Burtons Grill & Bar Locations (November 2025)
| State | Location |
|---|---|
| Connecticut | South Windsor, Evergreen Walk |
| Florida | Boca Raton, Park Place |
| Florida | Plantation, Market on University |
| Georgia | Atlanta, Buckhead Landing |
| Maryland | Gaithersburg, Kentlands Market Square |
| Maryland | Riverdale Park, The Station |
| Maryland | Bel Air, Tollgate Marketplace |
| Massachusetts | Burlington, Middlesex Commons |
| Massachusetts | Framingham, Route 9 East |
| Massachusetts | Hingham, Derby Street Shops |
| Massachusetts | Lynnfield, MarketStreet |
| Massachusetts | Mansfield, Mansfield Crossing |
| Massachusetts | North Andover, Eaglewood Shops |
| Massachusetts | Shrewsbury, Lakeway Commons |
| Massachusetts | Westford, Cornerstone Square |
| New Hampshire | Nashua, Pheasant Lane Mall |
| North Carolina | Charlotte, Blakeney Town Center |
| North Carolina | Charlotte, Park Road Shopping Center |
| North Carolina | Huntersville, Birkdale Place |
| Pennsylvania | Wayne |
| South Carolina | Mount Pleasant, Mt. Pleasant Towne Centre |
| Virginia | Alexandria, Hilltop Village Center |
| Virginia | Charlottesville, The Shops at Stonefield |
| Virginia | Richmond, Carytown Exchange |
| Virginia | Sterling, Cascades Overlook Town Center |

=== Red Heat Tavern ===
Red Heat Tavern, a sister brand under Burtons Grill, LLC, operates five locations in Massachusetts and Connecticut as of 2025, offering a casual, tavern-style dining experience.

== Menu ==
Burtons Grill & Bar offers a scratch kitchen menu featuring burgers, steaks, seafood, pasta, salads, and desserts, with brunch available at all locations and happy hour at select locations. Notable dishes include the Crab-Crusted Haddock, Maxx Burger, Superfood Salad, and Mediterranean Chicken Risotto. The chain provides a separate gluten-free menu, as well as a kids' menu, using separate equipment and protocols to prevent cross-contamination for guests with food allergies and dietary restrictions. The chain also offers private dining and catering menus. Ingredients are sourced from suppliers such as Allen Brothers for premium Angus beef and Ocean Spray for cranberries.

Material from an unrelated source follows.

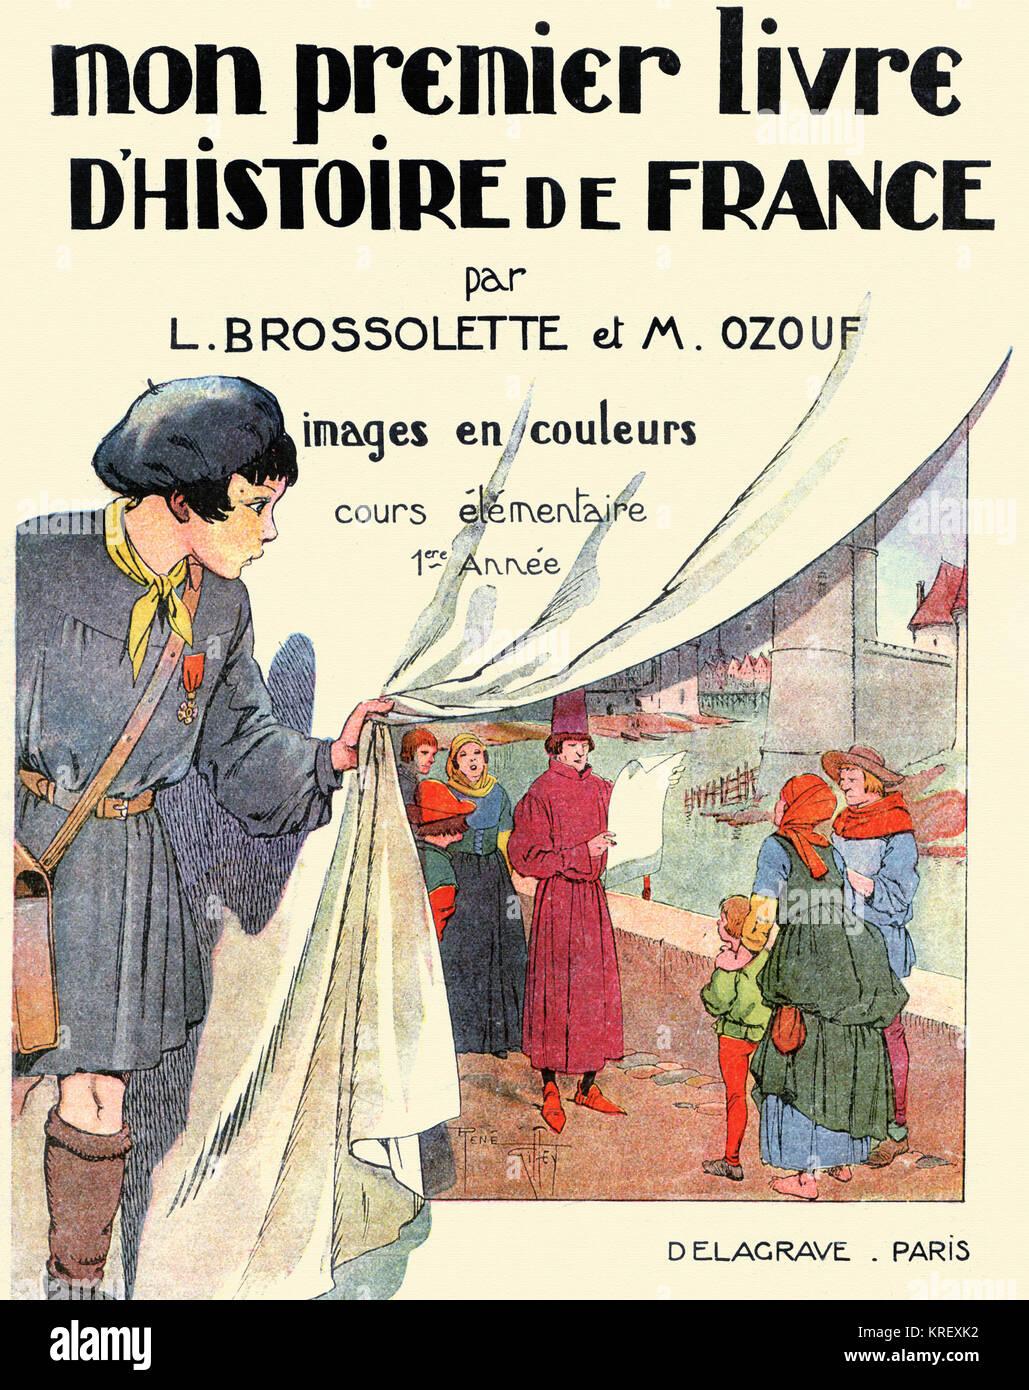 Primo Libro sulla storia della Francia il coperchio Immagini Stock

== Community Engagement ==
Burtons Grill & Bar prioritizes community engagement through partnerships with local schools, non-profit organizations, sports teams, and breweries. The restaurant group positions itself as a "neighborhood staple" in communities like Buckhead, Atlanta, and Burlington, Massachusetts. Since 2024, Burtons has run an annual fundraising campaign for the Celiac Program at Boston Children's Hospital, with its second campaign in 2025 raising funds to support pediatric celiac disease research. The chain received multiple awards for its gluten-free and allergy-friendly accommodations, including recognition from Northshore Magazine's Readers' Choice Awards in 2020, and Bethesda Magazine's Best of Bethesda: Allergy-Friendly Brunch in 2024. Burtons was also featured on CBS Boston for its gluten-free dining practices in 2024.